Harvard president to stay on job with support of board
Harvard University President Claudine Gay will continue to lead the university despite calls for her removal after controversial congressional testimony regarding campus antisemitism last week.
Gay, alongside the presidents of the Massachusetts Institute of Technology (MIT) and the University of Pennsylvania, was grilled by lawmakers last week as Congress focused on elite college campuses as the locus of rising antisemitism in higher education.
The three university leaders, when asked whether calls for Jewish genocide would be considered harassment, said it would depend on context and specific circumstances. The responses resulted in strong calls for all three to be removed from their jobs.

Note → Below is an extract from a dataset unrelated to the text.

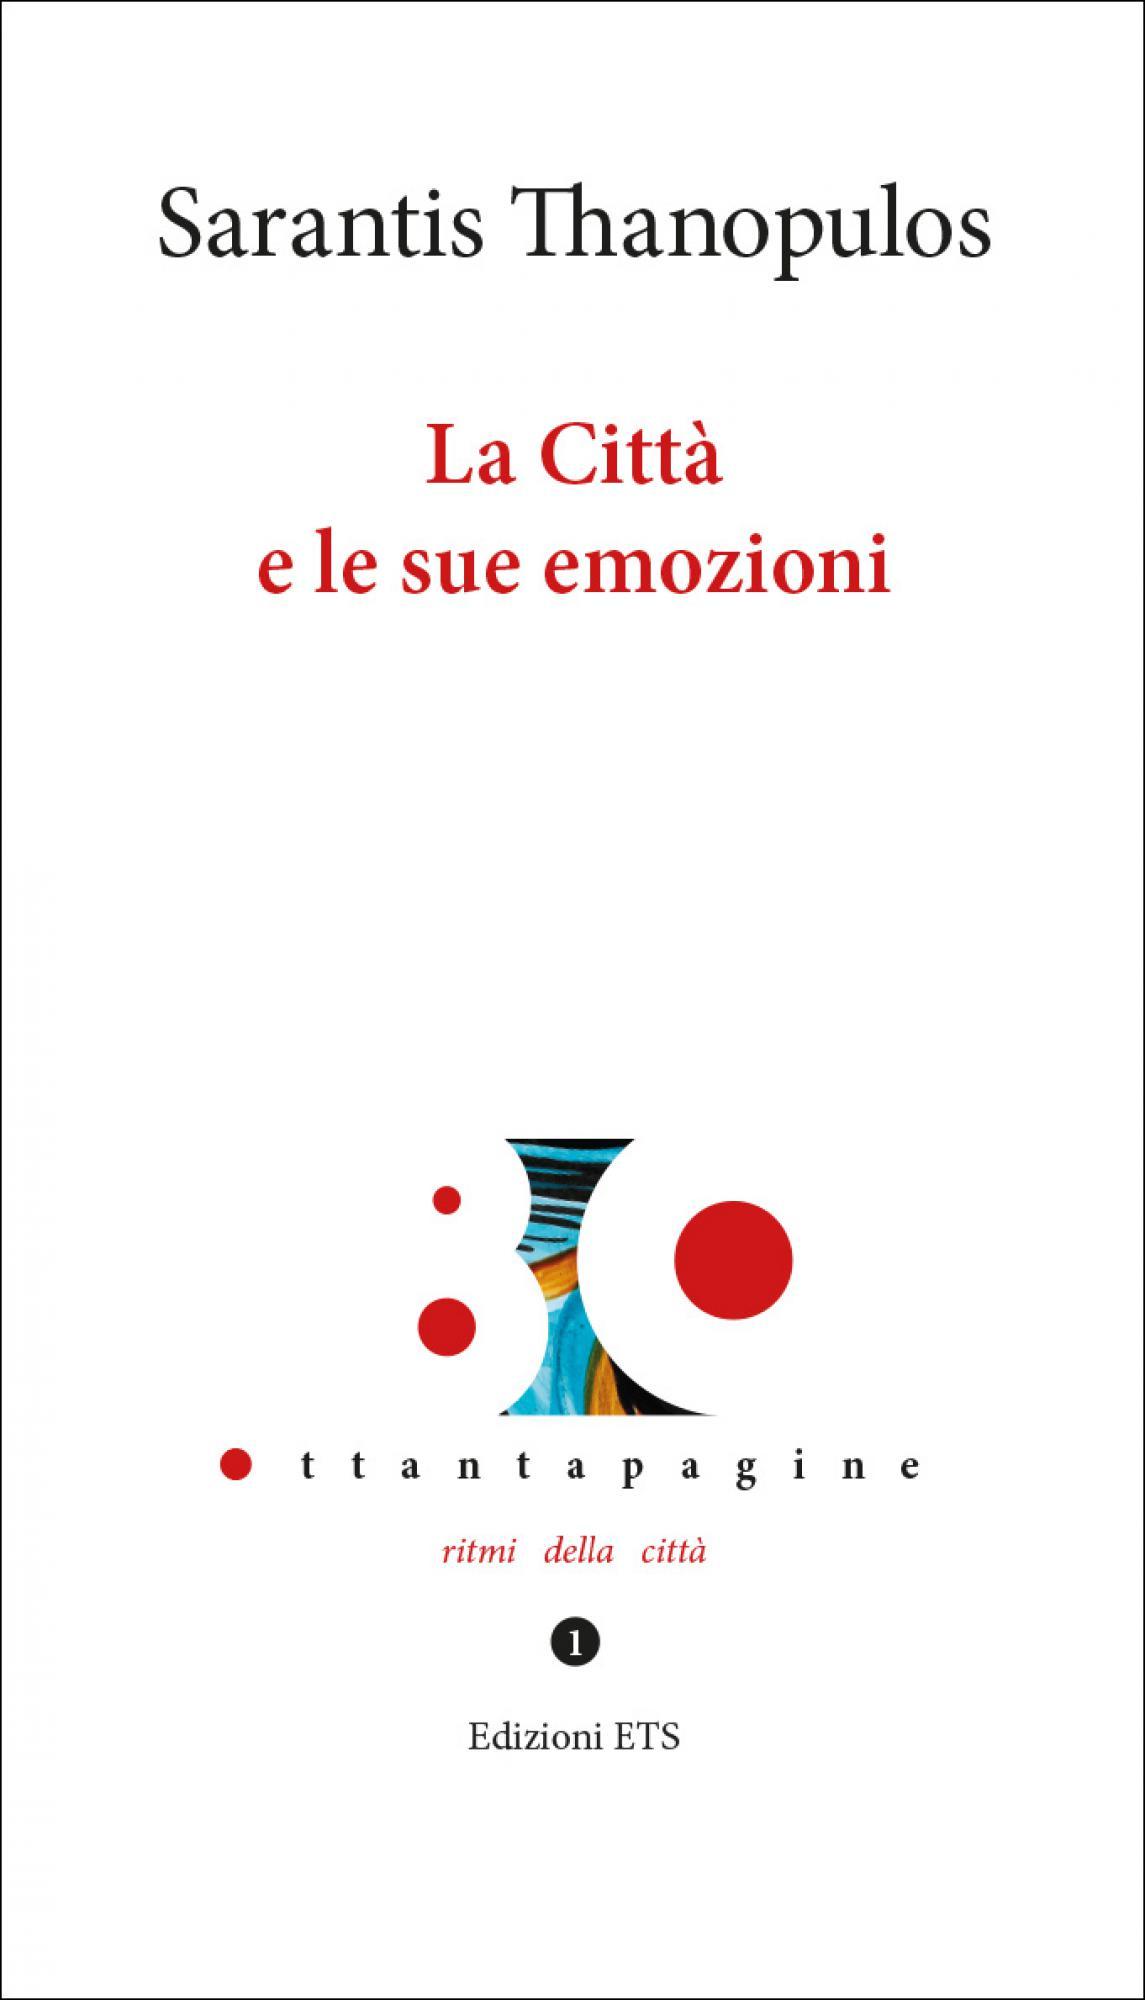 La Città e le sue emozioni

The Fellows of Harvard College, the more powerful of the school’s two governing boards, said Tuesday that Gay will not be removed from the job over the comments, days after Penn President Liz Magill chose to resign.
“As members of the Harvard Corporation, we today reaffirm our support for President Gay’s continued leadership of Harvard University,” the board said. “Our extensive deliberations affirm our confidence that President Gay is the right leader to help our community heal and to address the very serious societal issues we are facing.”
The group also responded to criticism over the university’s reaction to the onset of the Israel-Hamas war in October, which came under fire from prominent alumni who said it was not strong enough in support of Israel.
“The University’s initial statement should have been an immediate, direct, and unequivocal condemnation,” of attacks by Hamas, the group said.
The fellows also said Gay apologized for her comments to the congressional committee and said she is “committed to redoubling the University’s fight against antisemitism.”
More than 600 Harvard faculty signed a petition last week urging the board to keep Gay in her role, calling the congressional hearing “deeply politicized” and “clearly part of a strategy to discredit institutions of higher education.”
MIT’s governing board released a statement Thursday also showing support for its president, Sally Kornbluth.
Magill and Penn’s Board of Trustees chair resigned Saturday over her comments at the hearing.